» **The task**: Could you restate the data below word for word, without its pictures?

» **Material provided**:

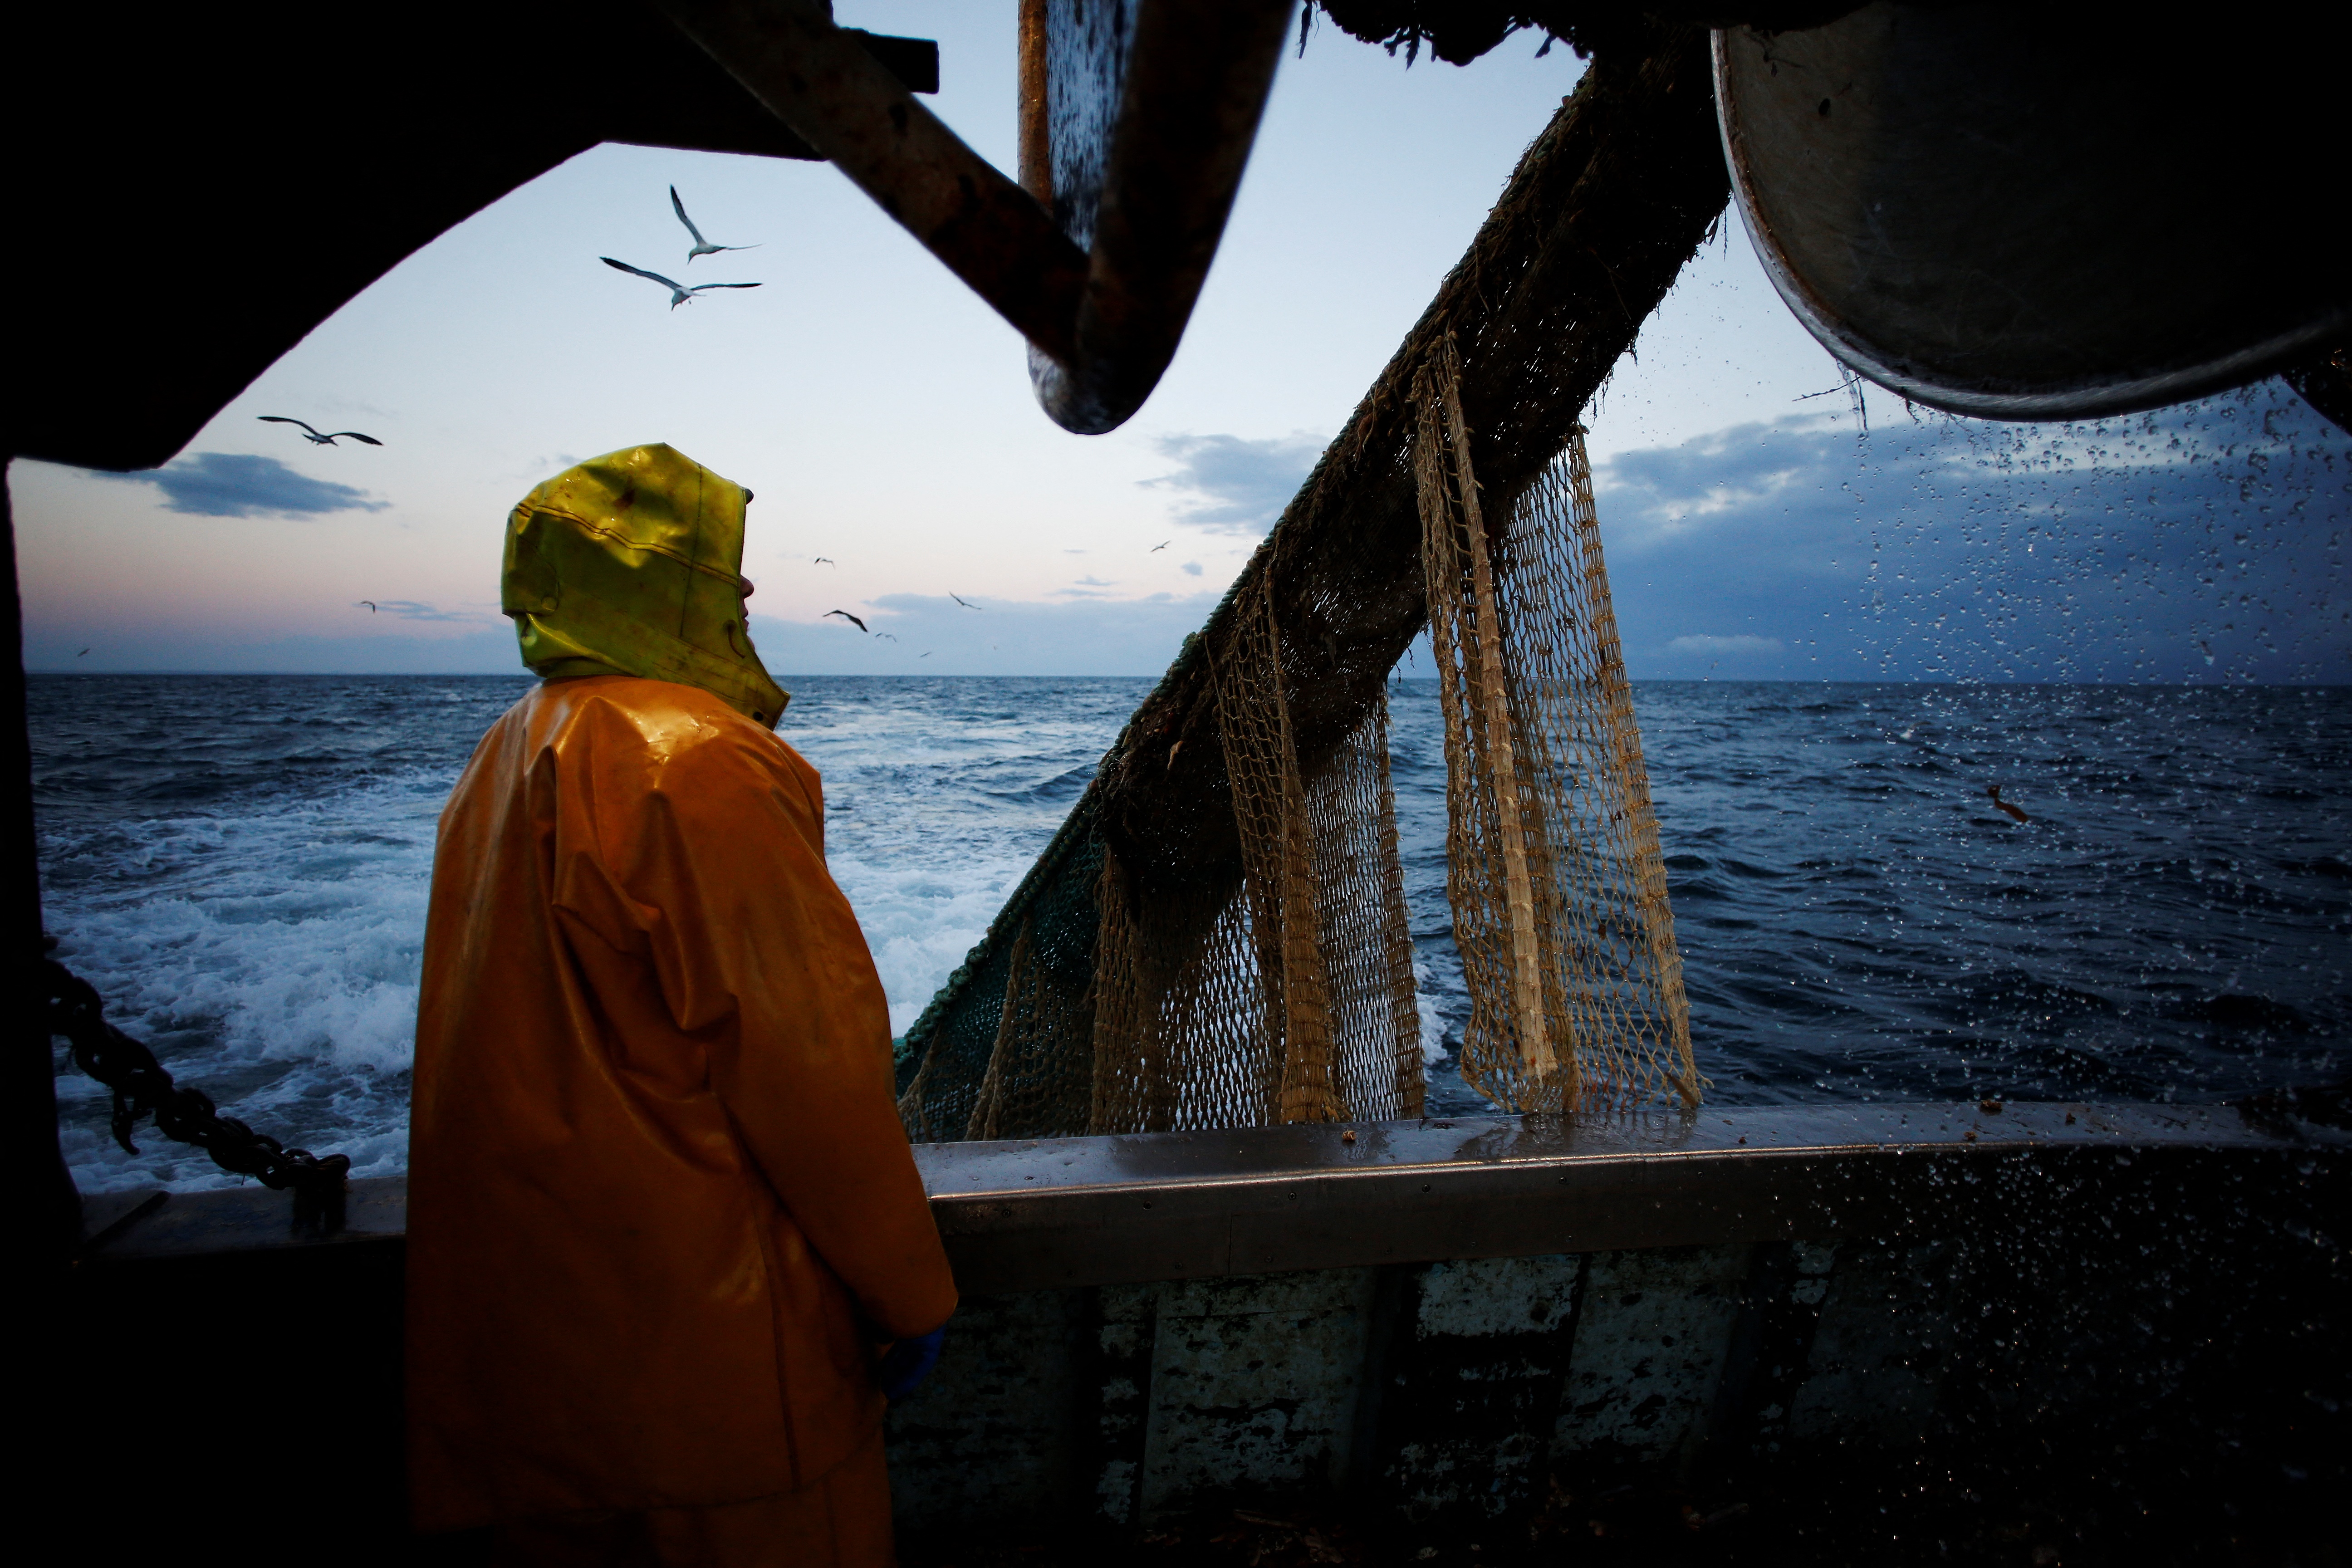 A vonóhálós halászat árt a bolygónak, de a halászoknak sem használ
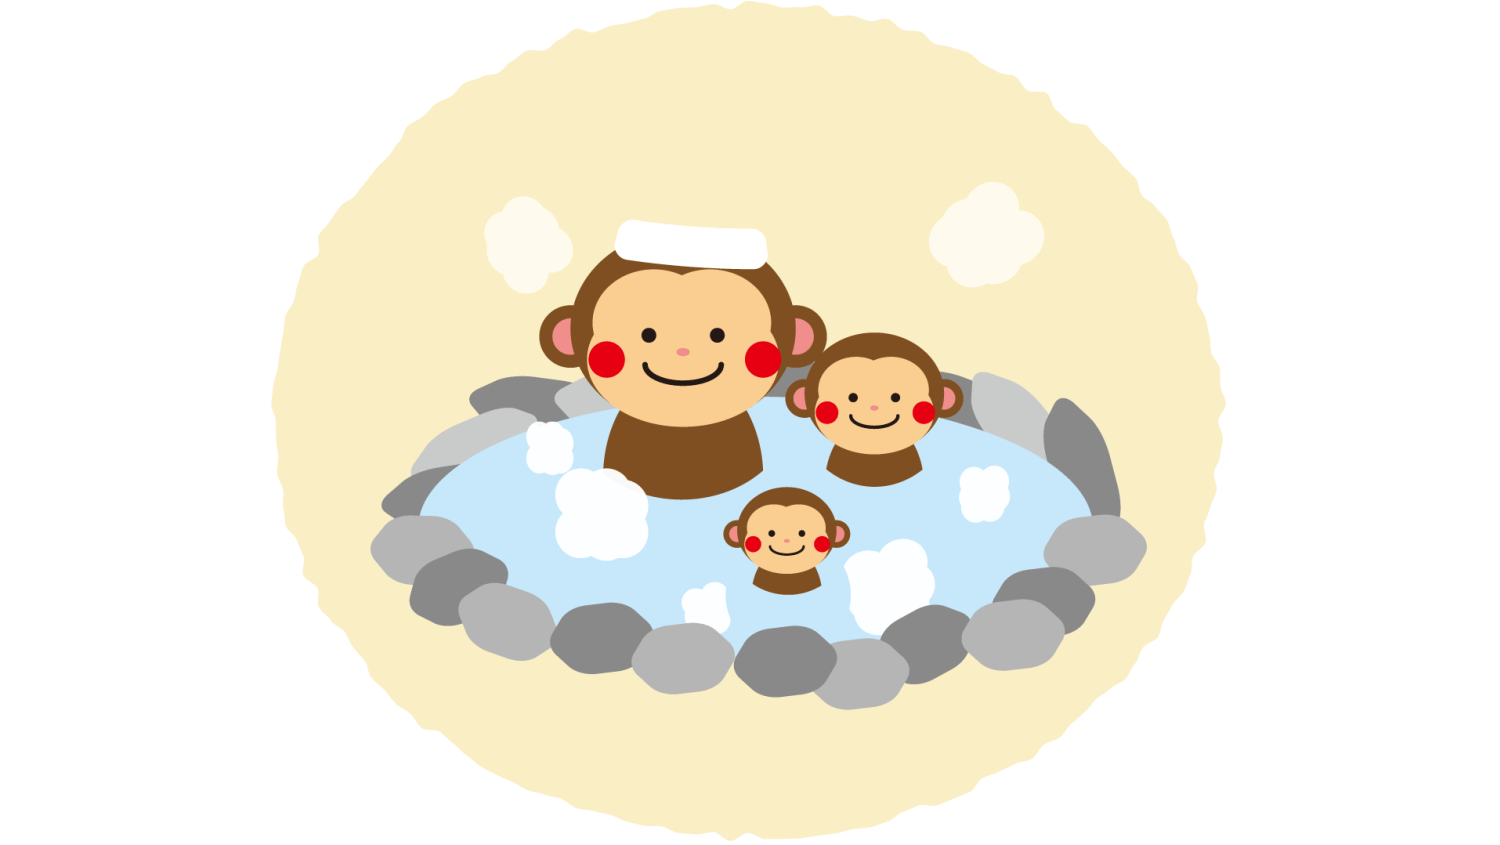 温泉に浸かっている猿の親子
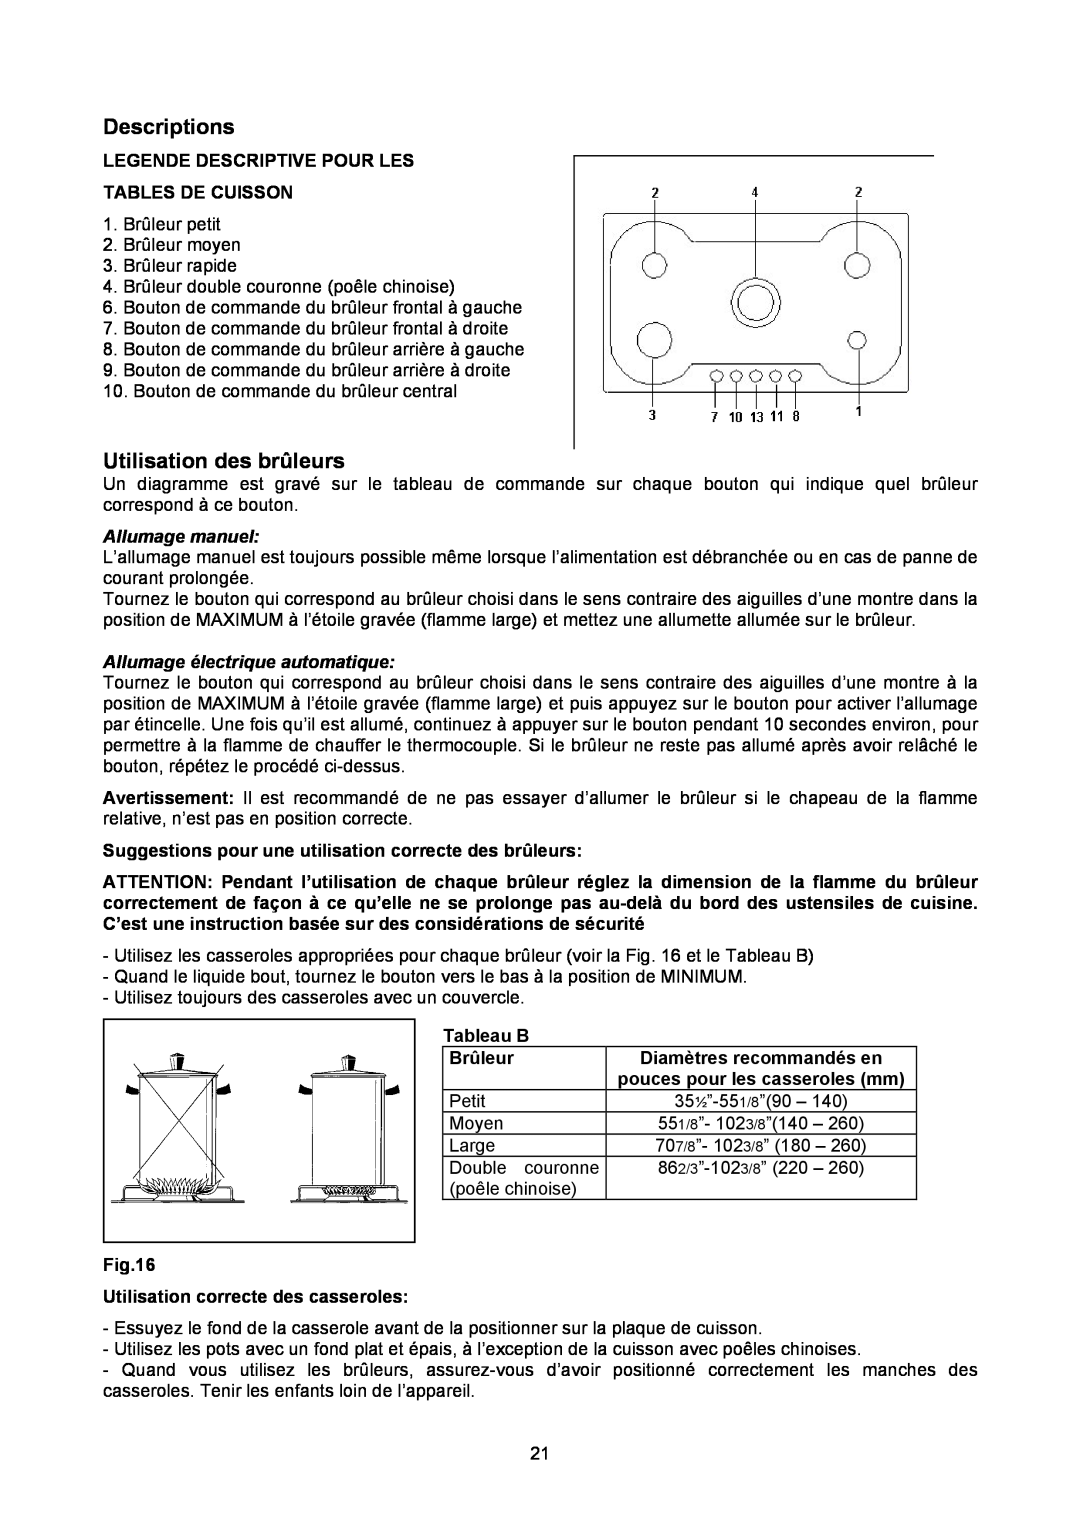 Bertazzoni P34 5 00 X Utilisation des brûleurs, Allumage manuel, Allumage électrique automatique, Descriptions, Tableau B 
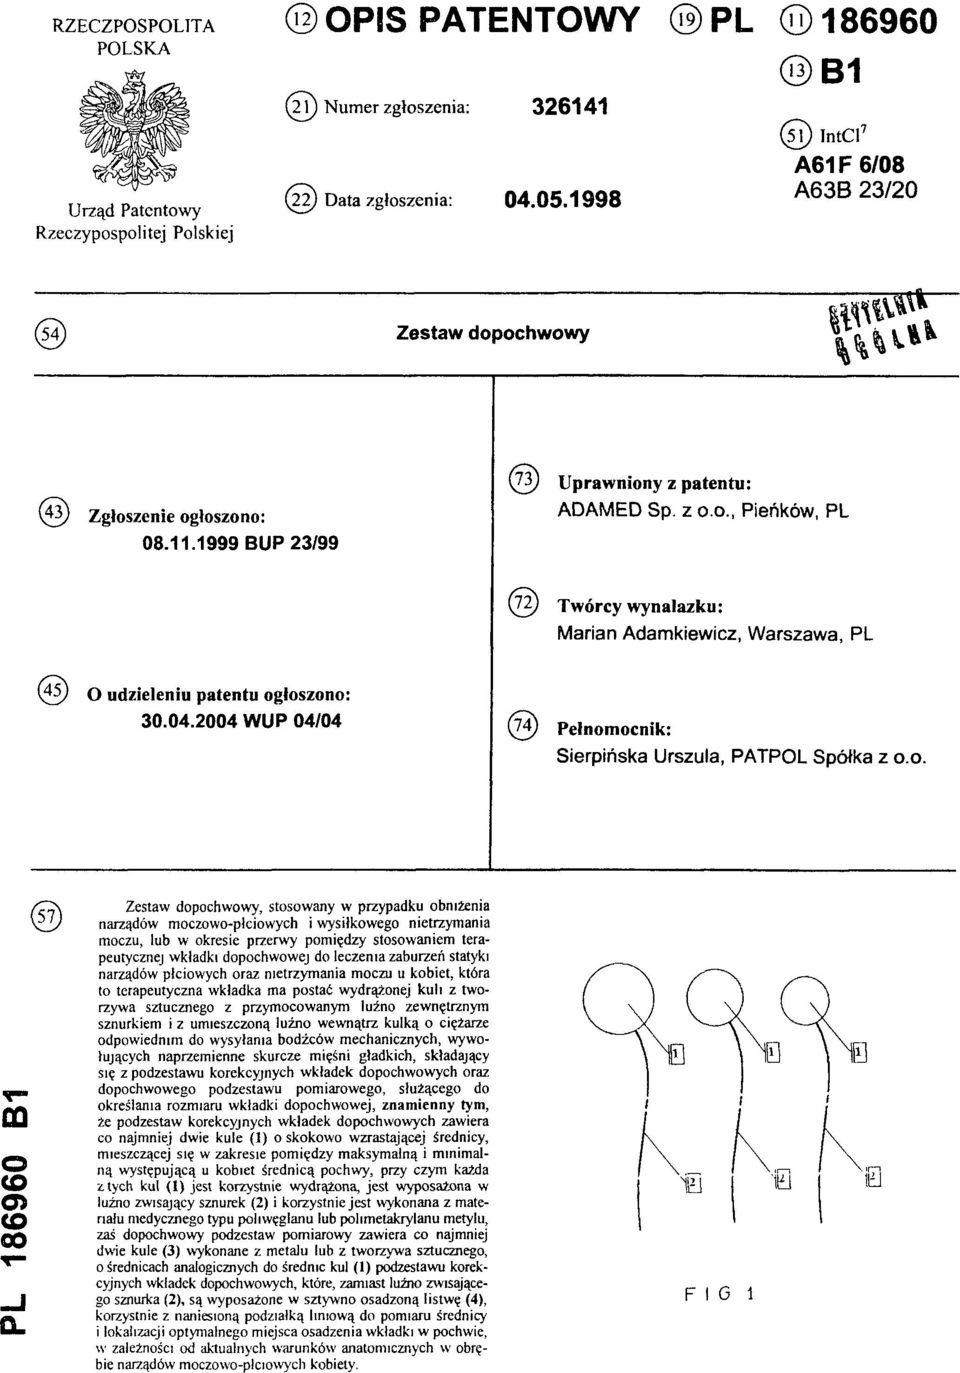 04.2004 WUP 04/04 (74) Pełnomocnik: Sierpińska Urszula, PATPOL Spółka z 0.0. PL 186960 B1 ( 5 7 ) Zestaw dopochwowy, stosowany w przypadku obniżenia narządów moczowo-płciowych i wysiłkowego

» **Completed exercise**:
 A vonóhálós halászat árt a bolygónak, de a halászoknak sem használ
 温泉に浸かっている猿の親子
 Bertazzoni P34 5 00 X Utilisation des brûleurs, Allumage manuel, Allumage électrique automatique, Descriptions, Tableau B 
 04.2004 WUP 04/04 (74) Pełnomocnik: Sierpińska Urszula, PATPOL Spółka z 0.0. PL 186960 B1 ( 5 7 ) Zestaw dopochwowy, stosowany w przypadku obniżenia narządów moczowo-płciowych i wysiłkowego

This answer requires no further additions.